[PROVIDED RECORDS — start]
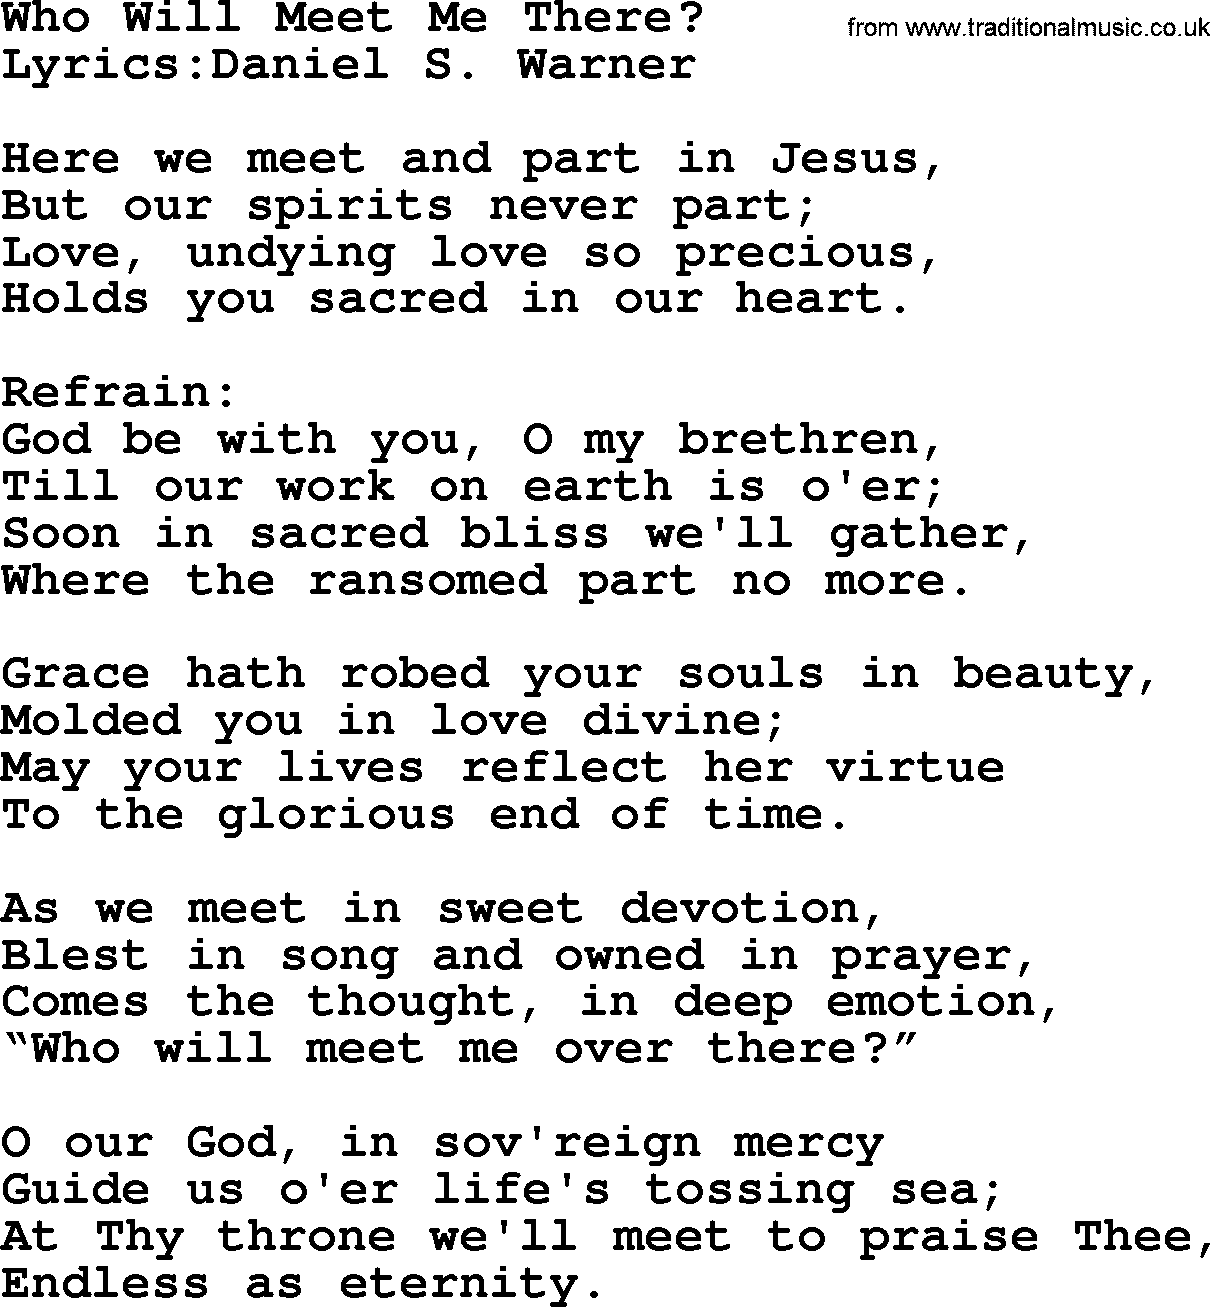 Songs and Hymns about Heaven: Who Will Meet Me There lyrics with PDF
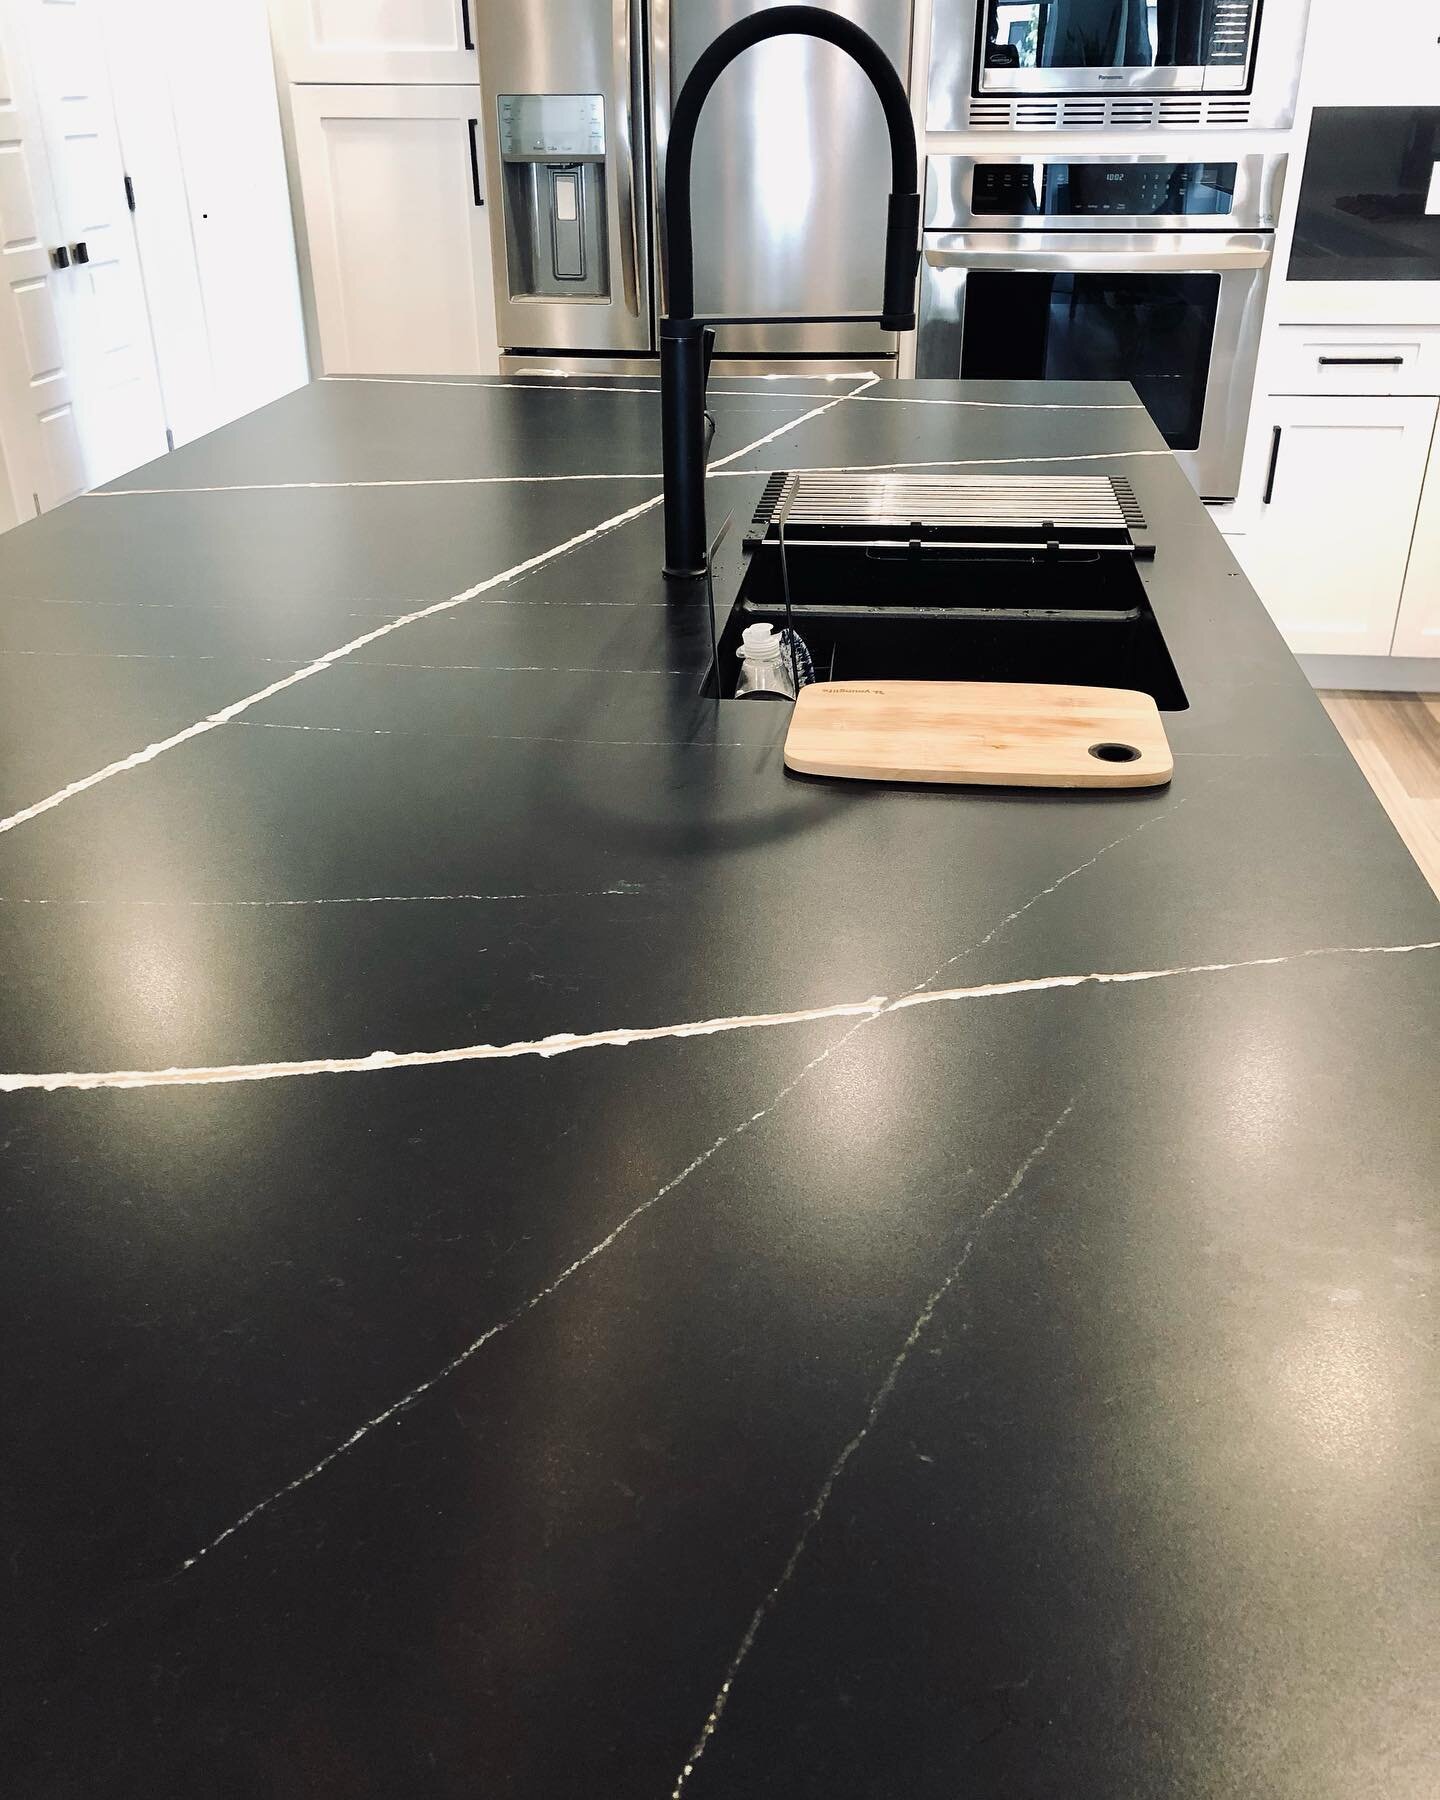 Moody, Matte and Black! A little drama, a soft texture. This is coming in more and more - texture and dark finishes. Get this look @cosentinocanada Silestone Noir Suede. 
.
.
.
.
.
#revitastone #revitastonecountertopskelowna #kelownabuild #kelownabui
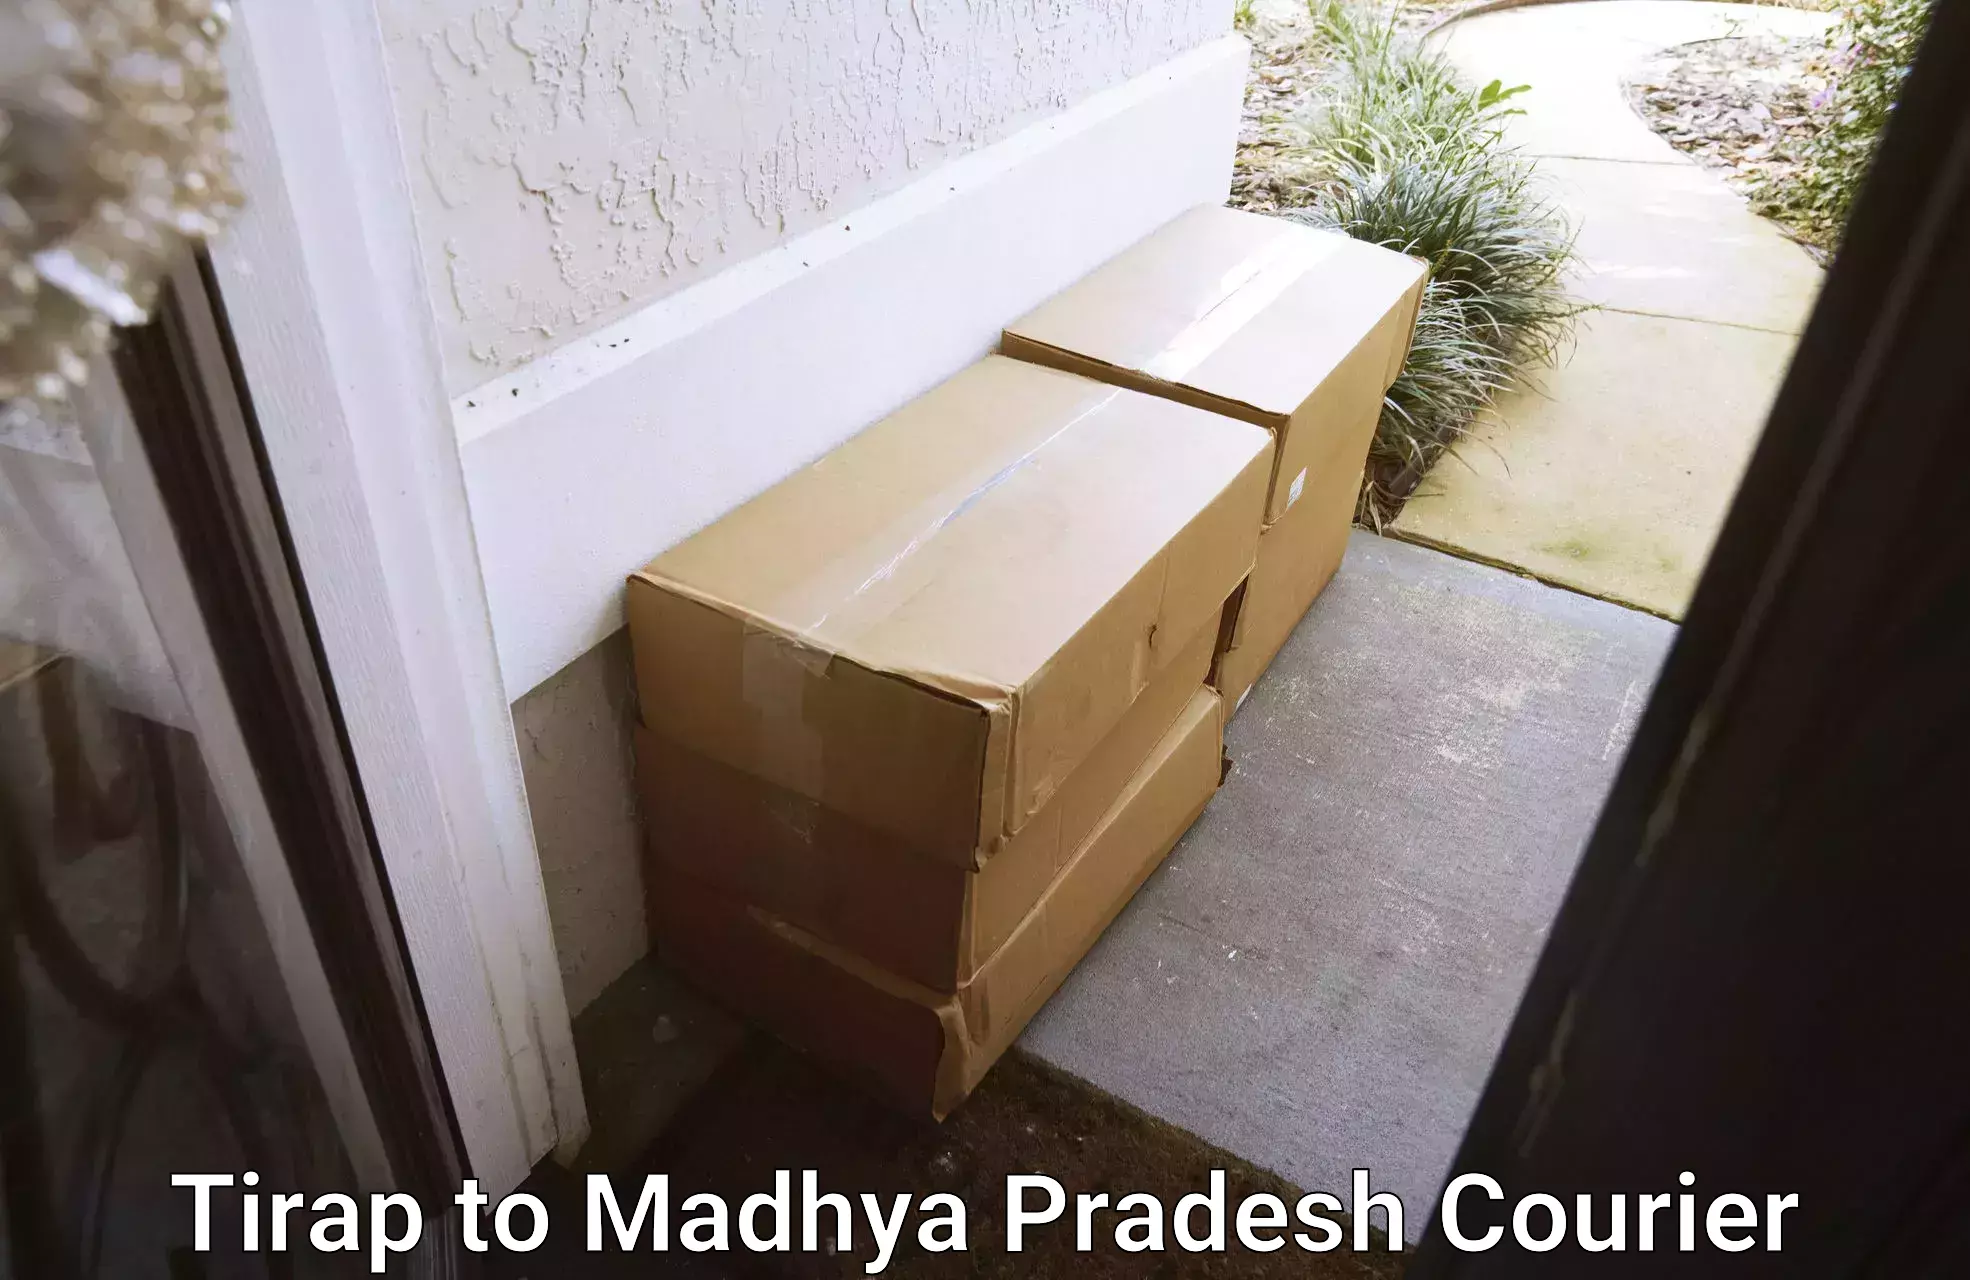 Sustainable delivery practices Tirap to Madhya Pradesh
[PROVIDED RECORDS — finish]
TASK TO CARRY OUT:
Begin the copy at the line containing "Moody, Matte and" and end it at the last line of the records; transcribe exactly and exclude pictures.

OUTPUT FOR THIS EXERCISE:
 Moody, Matte and Black! A little drama, a soft texture. This is coming in more and more - texture and dark finishes. Get this look @cosentinocanada Silestone Noir Suede. 
.
.
.
.
.
#revitastone #revitastonecountertopskelowna #kelownabuild #kelownabui
 Sustainable delivery practices Tirap to Madhya Pradesh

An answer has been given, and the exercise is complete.